Лялька уже наливала в тарелку, которую ее сын называл «тазиком», борщ из кастрюли, стоящей на плите. Кирилл вышел из ванной комнаты, плюхнулся на табуретку и откусил от бутерброда с колбасой добрую половину. Эта его привычка закусывать любой суп бутербродами, доводила его сестру Марго до бешенства. Лялька вспомнила, как они в детсадовском возрасте дрались за «горбушки» только для того, чтобы выяснить, у кого крепче зубы. Кто быстрее сжевал, тот и победил.

– Мам, я вечером приведу к вам Катю, ты не против?

– Отлично. Давно пора.

– Только предупреждаю заранее. Я с ней не просто так. Понравится она вам или нет, на мое отношение к ней не повлияет.

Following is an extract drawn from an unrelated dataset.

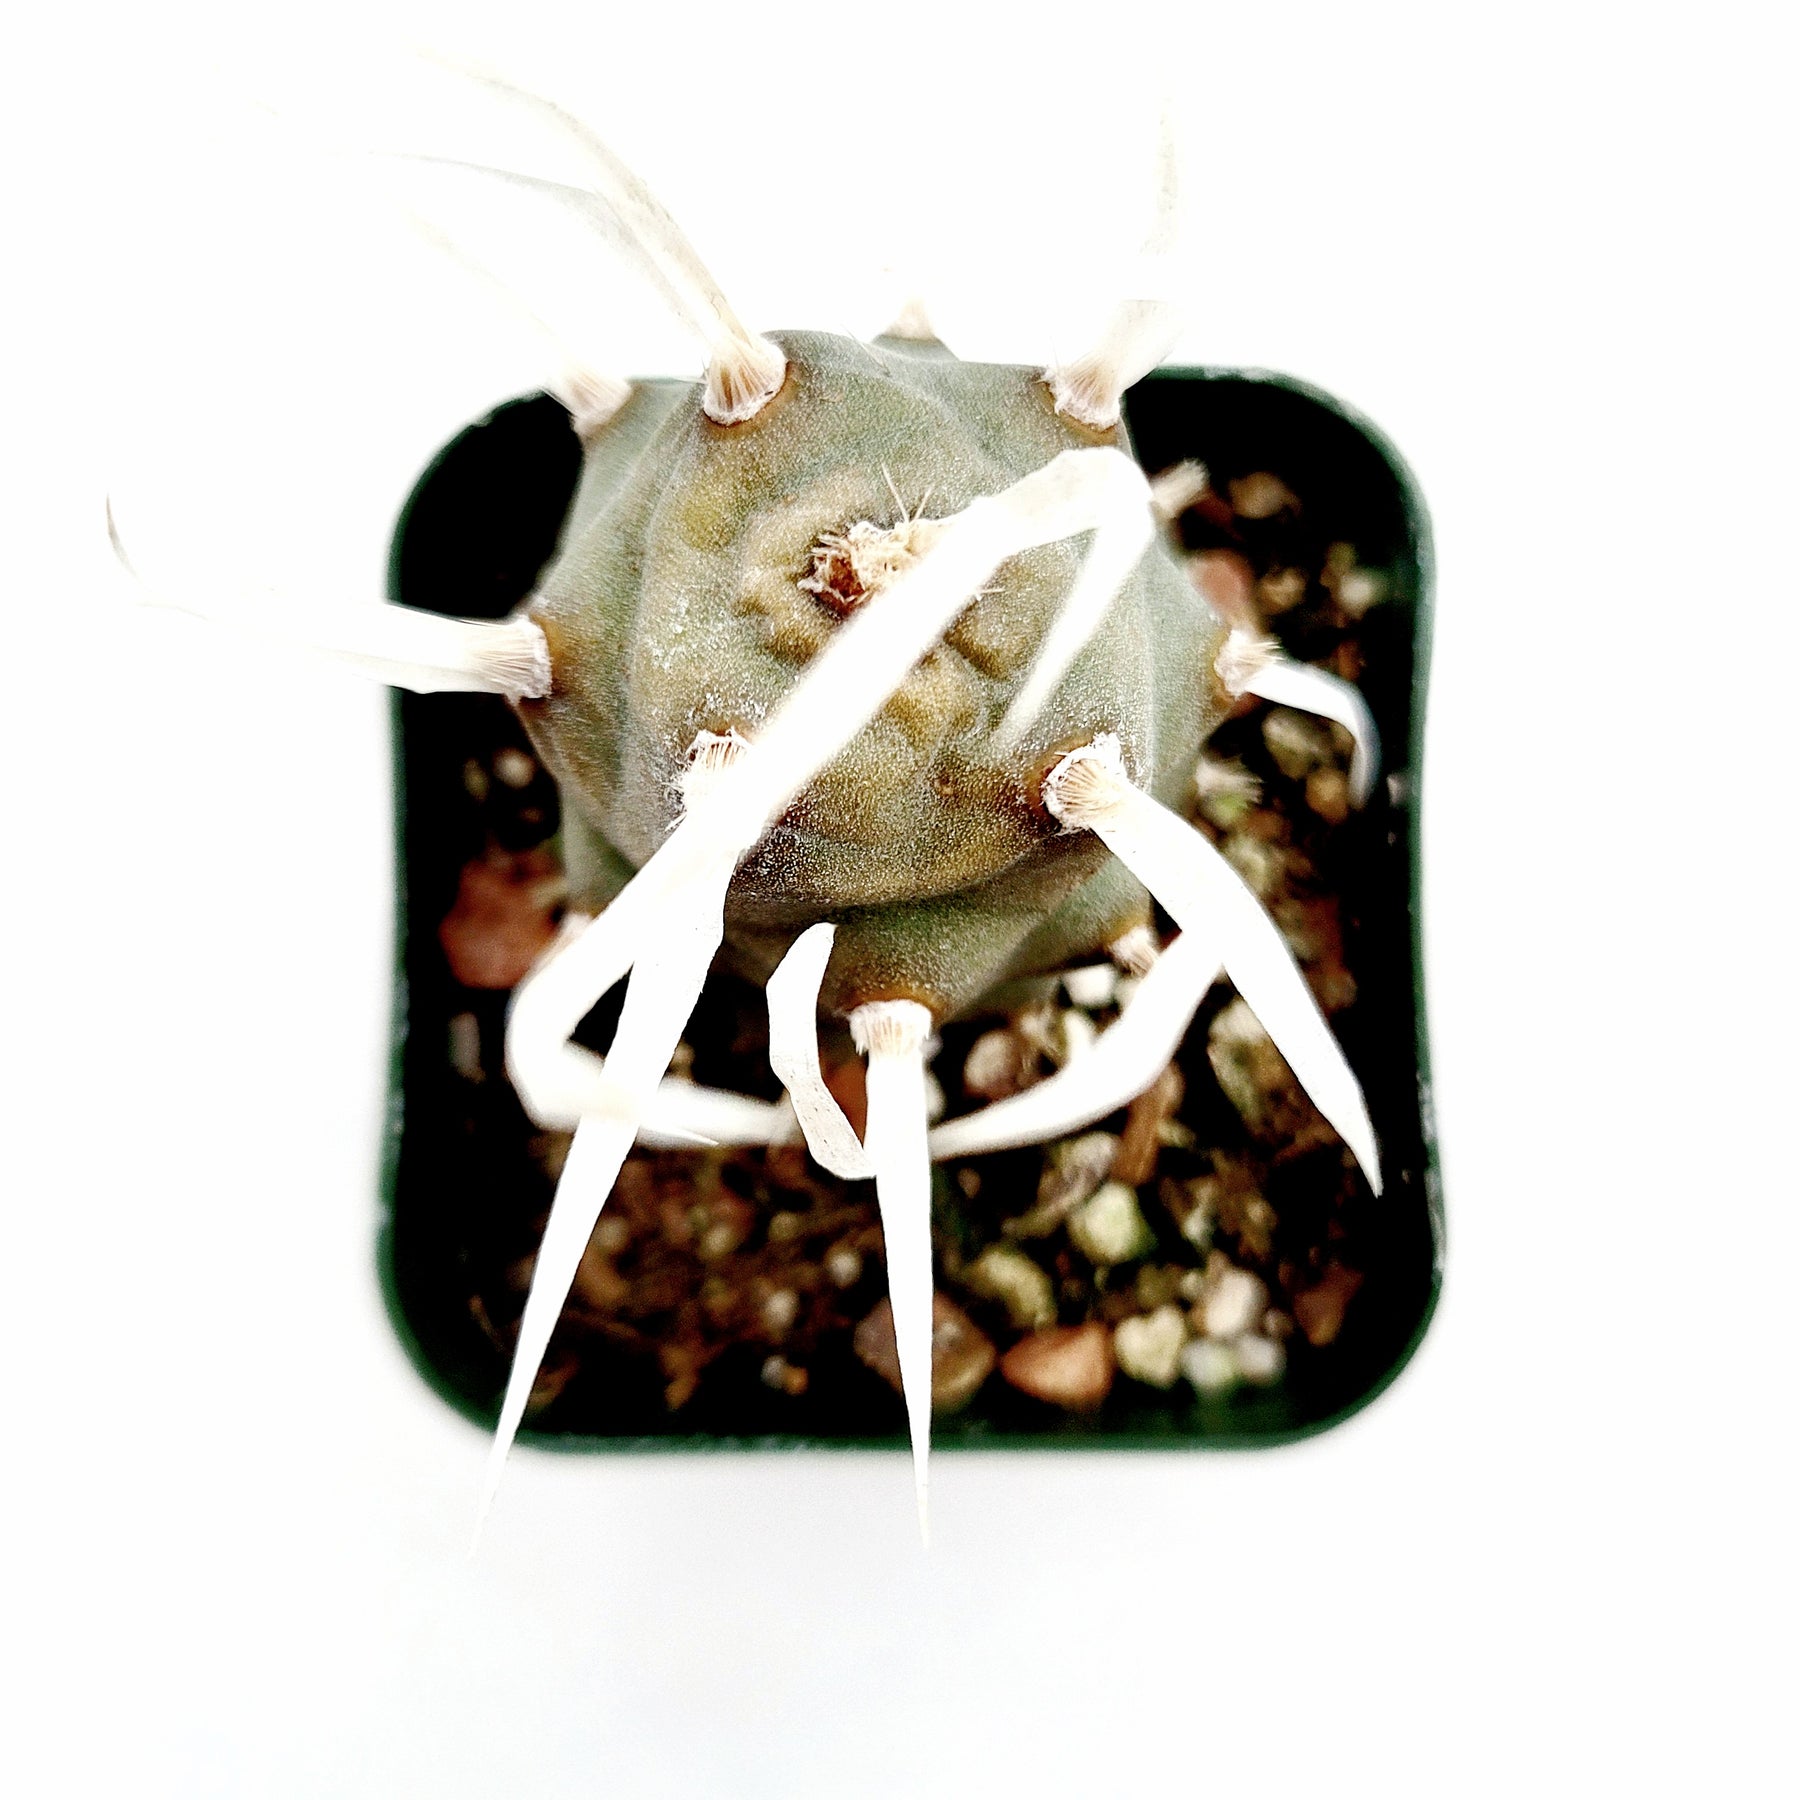 Tephrocactus articulatus 'Paper Spine Cactus'

– Что в ней такого необычного, что ты нас так готовишь к знакомству?

– Ну, во – первых, она старше меня на три года.

– Это не смертельно.

– А, во – вторых, у нее есть ребенок, не от меня. Дочка живет у Катиных родителей в деревне, куда мы ездили на эти выходные, в Оренбургскую область.

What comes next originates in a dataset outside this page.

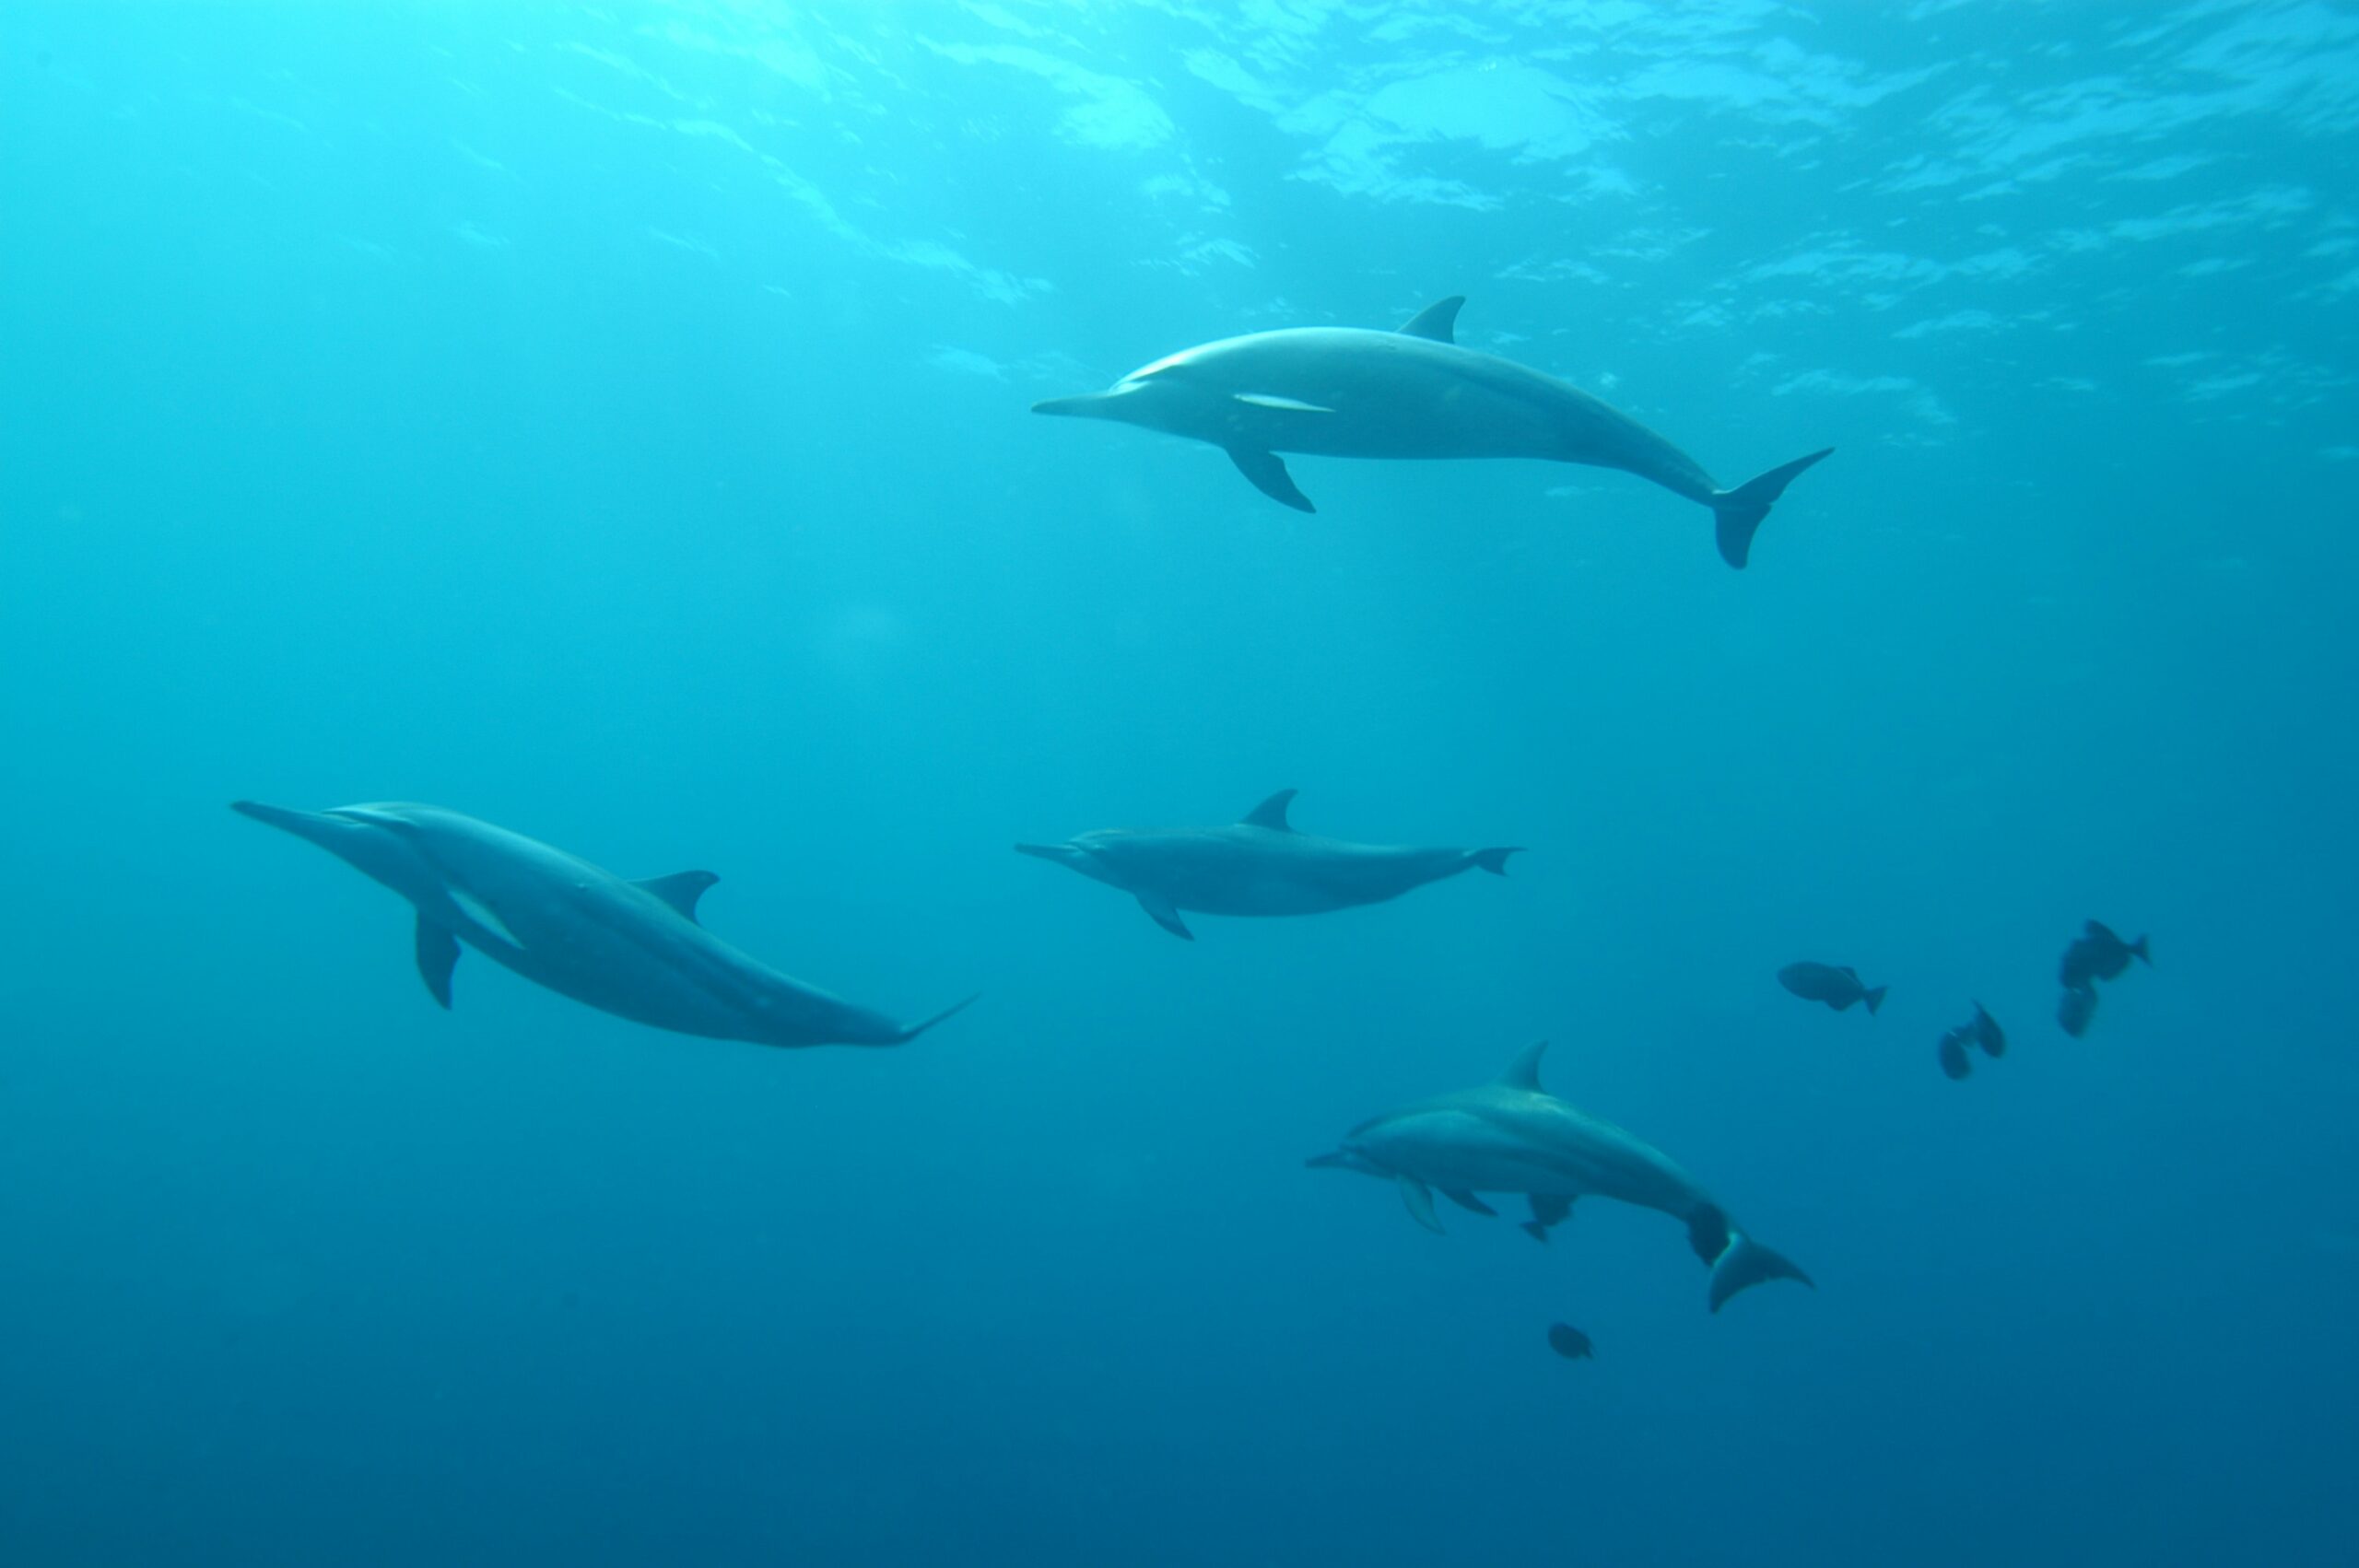 imagem submarina mostra 4 golfinhos e alguns peixes

– Где же ты нашел такое сокровище, сынок?

– Я так и знал, что ты не удержишься и съязвишь. Катя учится со мной в одной группе, она два года была в академе.

– Надеюсь, жениться ты не собираешься?

– Мам, ну какая женитьба! У нас ни кола, ни двора. И институт мы бросать не собираемся. Мам, ну она мне очень нравится, правда. Мне надоело ее скрывать от вас, будто она прокаженная. Между прочим, и Катя боится к вам идти. Вбила себе в голову, что вы не захотите ее принять, еле сумел уговорить сходить хотя бы в гости.

– Кира, мне не все равно, с кем ты живешь. Не буду обманывать, ее ребенок – не радостная для меня новость.

– А мне ее дочка понравилась. Такая прикольная! Залезла ко мне на колени и сразу «папой» звать стала. Шебутная немного, но послушная. С ней, в основном, Катькин прадед возится. Ему сто лет в обед, а за Машкой присматривает. Ладно, мам. Спасибо за борщок! Мне бежать пора, до вечера!

Кирилл, перескакивая через одну ступеньку, побежал вниз по лестнице. Лялька, едва успев дойти до кухонного окна, увидела, как ее сын лихо выруливает из арки дома на своей покоцаной в дорожных битвах «десятке».

* * *

– Сашка, не таскай со стола, всю красоту порушишь! – Лялька довольно ощутимо хлопнула мужа по протянутой к очередному канапе руке.

– Ну ты, Лялька, зануда. Что измениться то того, что в этой горе не хватит одного бутерброда!

С последней поездки на дачу Головановых, что– то изменилось в их отношениях. Лялька поняла, чего не хватало им в последнее время. Этой вот шутливой легкости и нарочито грубоватых подколок. Такие переругивания могут себе позволить только очень близкие друг другу люди. И никаких обид. Любя, прощая и терпя. Они оба вернулись к началу их совместной жизни. Когда все «острые углы» сглаживались таким вот образом. Может поэтому их брак продержался и год, и три, а потом и двадцать лет.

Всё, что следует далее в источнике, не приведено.